Let $n \in \mathbb N$, $n>2$ and $u_{1},u_{2},...,u_{n-1}$ are all root of unity for n.
Proof that for every $z \in \mathbb C$: $$z=\frac{2}{n}\sum_{k=0}^{n-1}(Re(u_{k}\overline z)u_{k})$$
I know that $Re(u_{0})=Re(u_{1})$, $Re(u_{2})=Re(u_{3})$ etc. However then I have a problem with $n$ because I don't know anything about parity of $n$. Moreover I don't know what to use this idea even if I consider two cases: $n=2k$ and $n=2k+1$.
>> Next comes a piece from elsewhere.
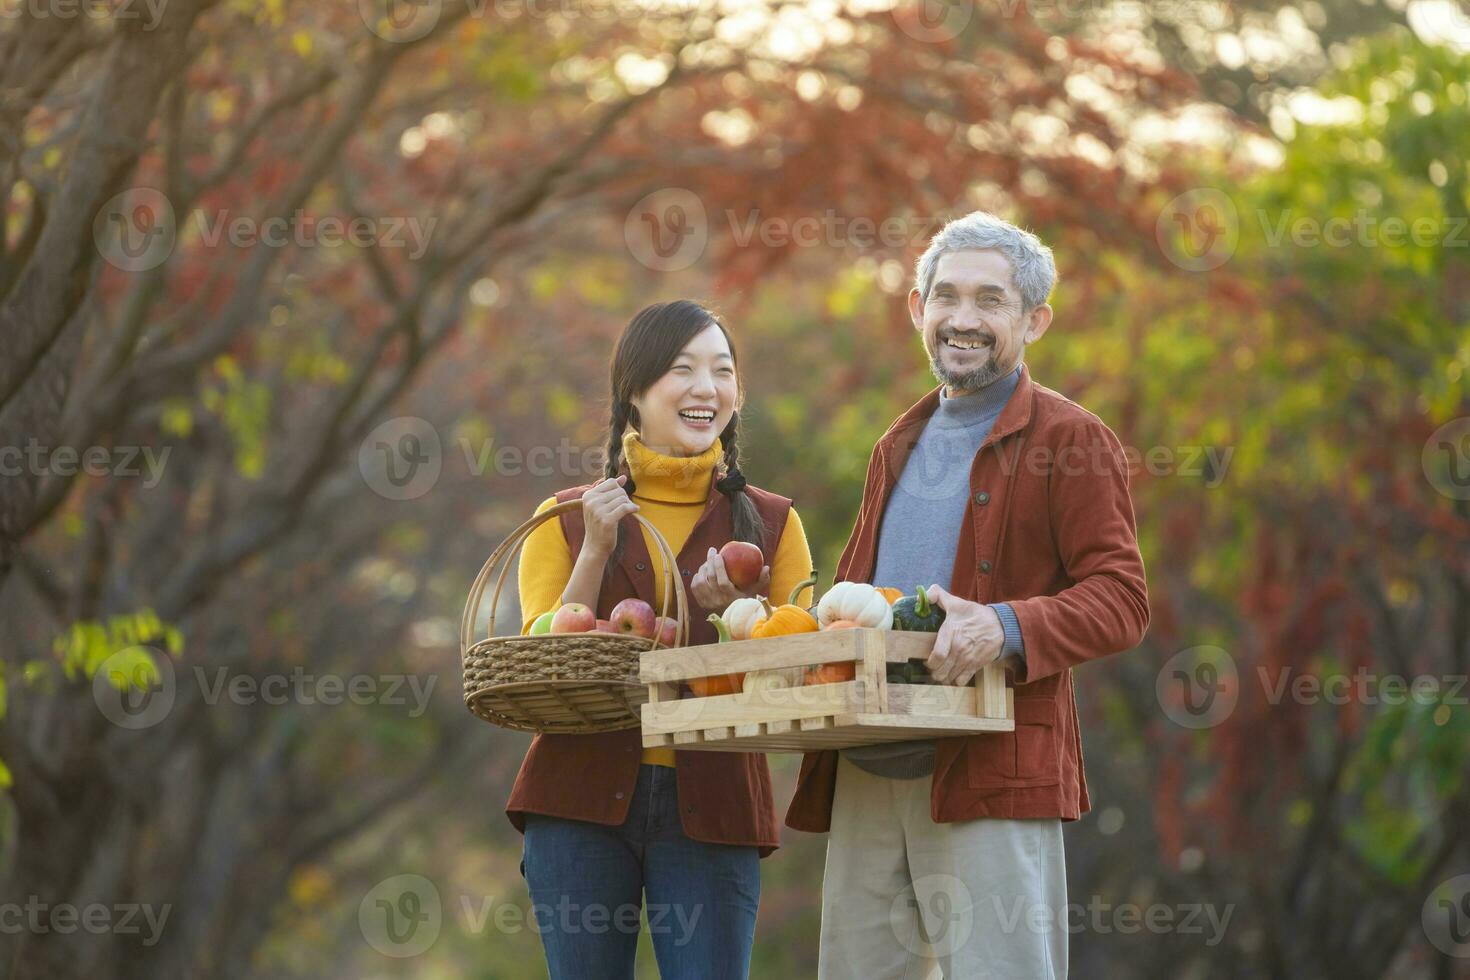 contento granjero familia que lleva Produce cosecha con de cosecha propia orgánicos manzana, squash y calabaza con otoño color desde arce árbol durante otoño temporada foto

I thought also about $\sum _{{k=0}}^{{n-1}}e^{{\frac {2\pi ik}{n}}}=0$ but I still do not know how to do it.
Are you have any idea?
Note that $$\frac{2}{n}\sum_{k=0}^{n-1}(Re(u_{k}\overline z)u_{k}) = \frac{2}{n}\sum_{k=0}^{n-1}\frac{u_{k}\overline z+\overline{u_{k}}z}{2}u_{k} =\frac 1n (\overline z\sum_{k=0}^{n-1}u_k^2+z\sum_{k=0}^{n-1}|u_k|^2)$$
Using a geometric argument, a geometric sum, or Newton's identities it's easy to show $\sum_{k=0}^{n-1}u_k^2=0$. Besides, $|u_k|=1$, so the result follows.